这足以在表上运行向量搜索……但您希望能够选择性地指定作者和/或一些标签来限制名言搜索。创建另外两个索引来支持这一点

create_author_index_statement = f"""CREATE CUSTOM INDEX IF NOT EXISTS idx_author
    ON {keyspace}.philosophers_cql (author)
    USING 'org.apache.cassandra.index.sai.StorageAttachedIndex';
"""
session.execute(create_author_index_statement)

create_tags_index_statement = f"""CREATE CUSTOM INDEX IF NOT EXISTS idx_tags
    ON {keyspace}.philosophers_cql (VALUES(tags))
    USING 'org.apache.cassandra.index.sai.StorageAttachedIndex';
"""
session.execute(create_tags_index_statement)
<cassandra.cluster.ResultSet at 0x7fef2c64af70>
OPENAI_API_KEY = getpass("Please enter your OpenAI API Key: ")
Please enter your OpenAI API Key:  ········
client = openai.OpenAI(api_key=OPENAI_API_KEY)
embedding_model_name = "text-embedding-3-small"

result = client.embeddings.create(
    input=[
        "This is a sentence",
        "A second sentence"
    ],
    model=embedding_model_name,
)

注意:以上是 OpenAI v1.0+ 的语法。如果使用以前的版本,获取嵌入的代码将有所不同。

print(f"len(result.data)              = {len(result.data)}")
print(f"result.data[1].embedding      = {str(result.data[1].embedding)[:55]}...")
print(f"len(result.data[1].embedding) = {len(result.data[1].embedding)}")
len(result.data)              = 2
result.data[1].embedding      = [-0.0108176339417696, 0.0013546717818826437, 0.00362232...
len(result.data[1].embedding) = 1536

获取包含名言的数据集。(我们改编和扩充了来自 这个 Kaggle 数据集 的数据,已准备好在此演示中使用。)

philo_dataset = load_dataset("datastax/philosopher-quotes")["train"]

快速检查

print("An example entry:")
print(philo_dataset[16])
An example entry:
{'author': 'aristotle', 'quote': 'Love well, be loved and do something of value.', 'tags': 'love;ethics'}

检查数据集大小

author_count = Counter(entry["author"] for entry in philo_dataset)
print(f"Total: {len(philo_dataset)} quotes. By author:")
for author, count in author_count.most_common():
    print(f"    {author:<20}: {count} quotes")
Total: 450 quotes.

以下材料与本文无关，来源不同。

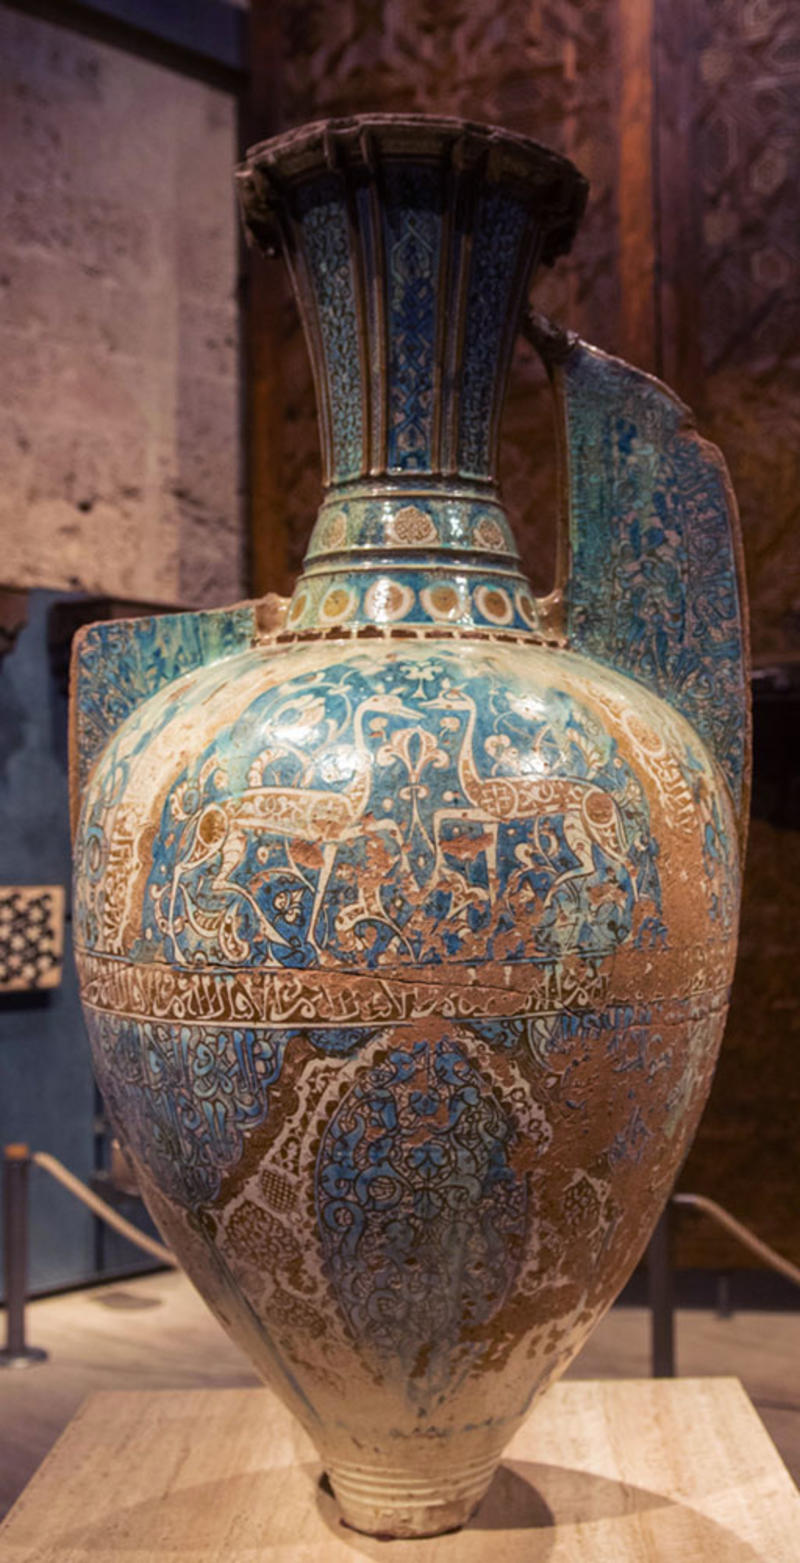 Alhambra Vase, Malaga,14th-15th century, earthenware with blue glaze and lustre decoration

By author:
    aristotle           : 50 quotes
    schopenhauer        : 50 quotes
    spinoza             : 50 quotes
    hegel               : 50 quotes
    freud               : 50 quotes
    nietzsche           : 50 quotes
    sartre              : 50 quotes
    plato               : 50 quotes
    kant                : 50 quotes

将名言插入向量存储

您将计算名言的嵌入,并将它们与文本本身和计划稍后使用的元数据一起保存到向量存储中。

为了优化速度并减少调用次数,您将对嵌入 OpenAI 服务执行批量调用。

数据库写入是通过 CQL 语句完成的。但是由于您将多次运行此特定插入(尽管使用不同的值),因此最好准备语句,然后一遍又一遍地运行它。

(注意:为了更快的插入,Cassandra 驱动程序可以让您执行并发插入,为了更直接的演示代码,我们在此处不这样做。)

prepared_insertion = session.prepare(
    f"INSERT INTO {keyspace}.philosophers_cql (quote_id, author, body, embedding_vector, tags) VALUES (?, ?, ?, ?, ?);"
)

BATCH_SIZE = 20

num_batches = ((len(philo_dataset) + BATCH_SIZE - 1) // BATCH_SIZE)

quotes_list = philo_dataset["quote"]
authors_list = philo_dataset["author"]
tags_list = philo_dataset["tags"]

print("Starting to store entries:")
for batch_i in range(num_batches):
    b_start = batch_i * BATCH_SIZE
    b_end = (batch_i + 1) * BATCH_SIZE
    # compute the embedding vectors for this batch
    b_emb_results = client.embeddings.create(
        input=quotes_list[b_start : b_end],
        model=embedding_model_name,
    )
    # prepare the rows for insertion
    print("B ", end="")
    for entry_idx, emb_result in zip(range(b_start, b_end), b_emb_results.data):
        if tags_list[entry_idx]:
            tags = {
                tag
                for tag in tags_list[entry_idx].split(";")
            }
        else:
            tags = set()
        author = authors_list[entry_idx]
        quote = quotes_list[entry_idx]
        quote_id = uuid4()  # a new random ID for each quote. In a production app you'll want to have better control...
        session.execute(
            prepared_insertion,
            (quote_id, author, quote, emb_result.embedding, tags),
        )
        print("*", end="")
    print(f" done ({len(b_emb_results.data)})")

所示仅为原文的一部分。